L’ingénierie sociale (social engineering) va dans un premier temps cibler une personne particulière des RHs. Le cybercriminel va rassembler soigneusement des informations sur sa victime et le contexte pour parfaire la supercherie. Cette personnalisation rend la tromperie très difficile à différencier par rapport au contenu d’un courriel authentique.

Ensuite, pour usurper l’identité d’un collaborateur prétextant la mise à jour de ses coordonnées bancaires, l’enveloppe ou le header du courriel doit également paraître conforme. L’email spoofing, un nom de domaine similaire, une falsification d’adresse e-mail, ou encore une boîte mail corrompue peuvent être utilisés comme feinte.
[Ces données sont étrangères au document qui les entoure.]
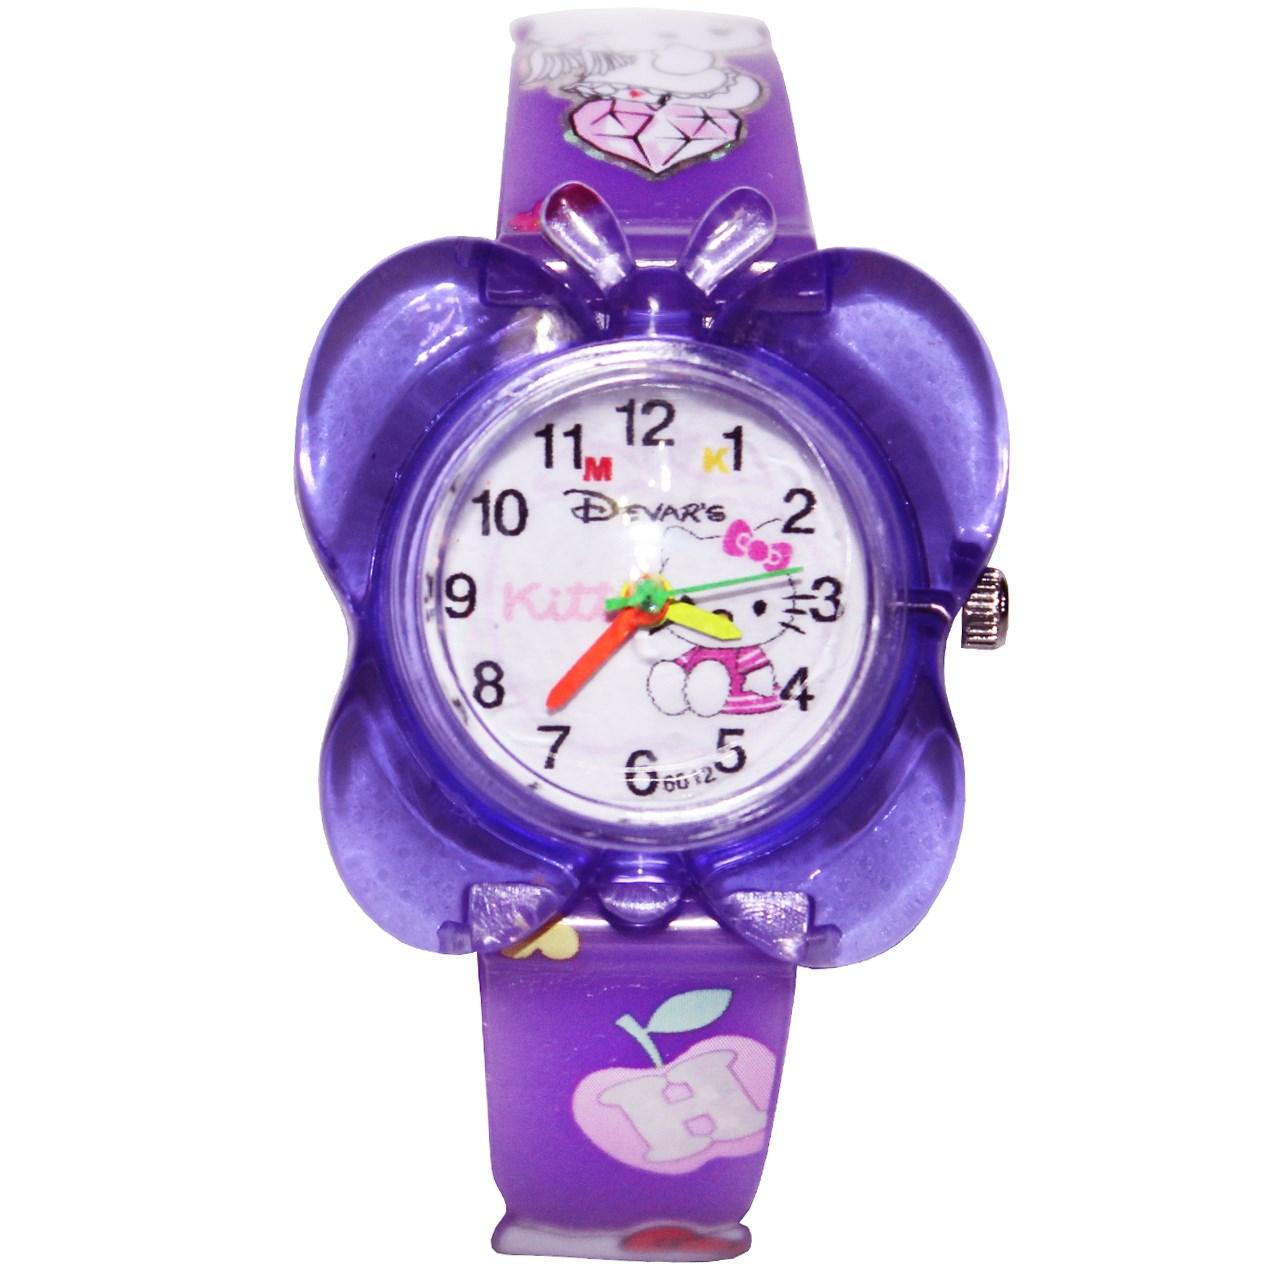 ساعت مچی عقربه ای بچگانه مدل K-03 دخترانه 48

La prévention de ces attaques passe par des mesures techniques et organisationnelles. Les processus impliquant des transactions financières pouvant être initiées par un simple courrier électronique doivent être identifiés afin d’y ajouter une validation supplémentaire, comme une confirmation téléphonique ou par sms. Les solutions de sécurité avancées de courriels permettent de détecter les tentatives d’escroqueries en utilisant, entre autres, l’intelligence artificielle pour monitorer les activités suspectes ou les comportements anormaux. Des contrôles supplémentaires sont également opérés pour vérifier l’authenticité de l’expéditeur (Sender Policy Framework, Domain-based Message Authentication, Reporting and Conformance, DomainKeys Identified, Mail, From/ Reply-To...).

Menace n°2: le vol de données

Le vol de données (Data Breach) concerne de nombreuses sociétés quelles que soient leurs tailles ou secteurs d’activité. Les conséquences tant financières que réputationnelles peuvent être fatales pour l’organisation. Pour éviter de faciliter la tâche aux cybercriminels, quelques précautions sont nécessaires, notamment lors de la rédaction d’une annonce de recrutement.
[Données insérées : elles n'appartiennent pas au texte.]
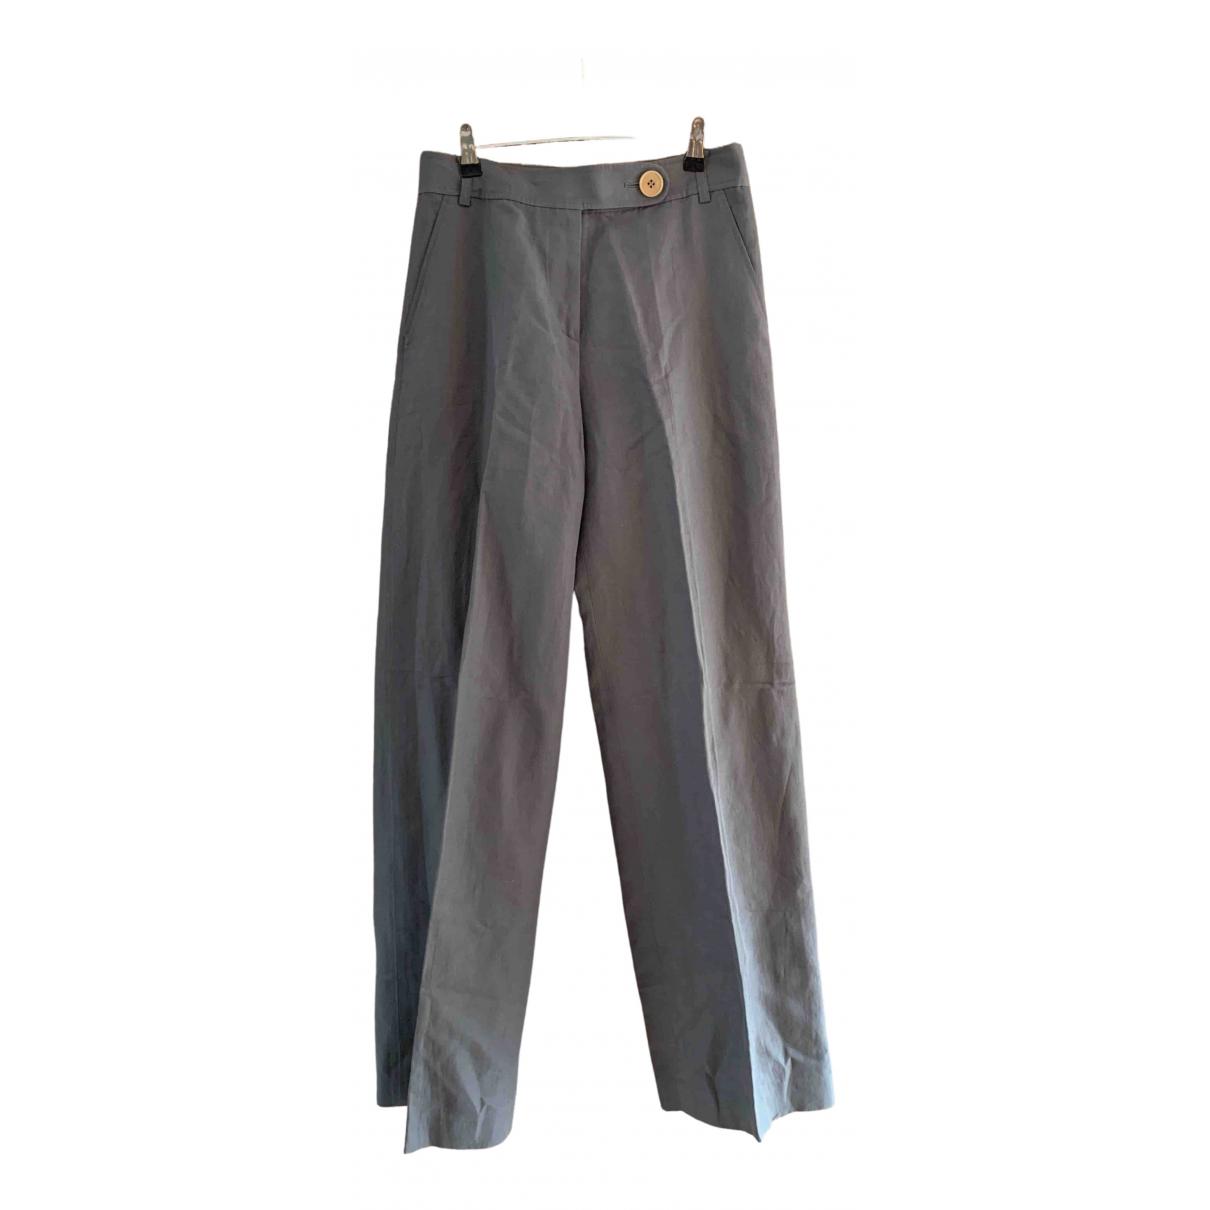 Paul Smith \N Grey Linen Trousers for Women 44 IT

Il est impératif de rester discret quant aux solutions et outils informatiques utilisés au sein de votre société. Ces informations technologiques sont une mine d’or pour tout hackeur. En indiquant la marque de vos équipements de sécurité ou encore les versions de vos logiciels métiers, une personne malintentionnée peut adapter et focaliser son attaque sur vos points faibles informatiques augmentant ainsi ses chances de réussite.

Les personnes en charge de la rédaction d’un profil de poste doivent être sensibilisées sur les indications à garder confidentielles lors d’une publication et ne pas dérouler un tapis rouge aux hackeurs.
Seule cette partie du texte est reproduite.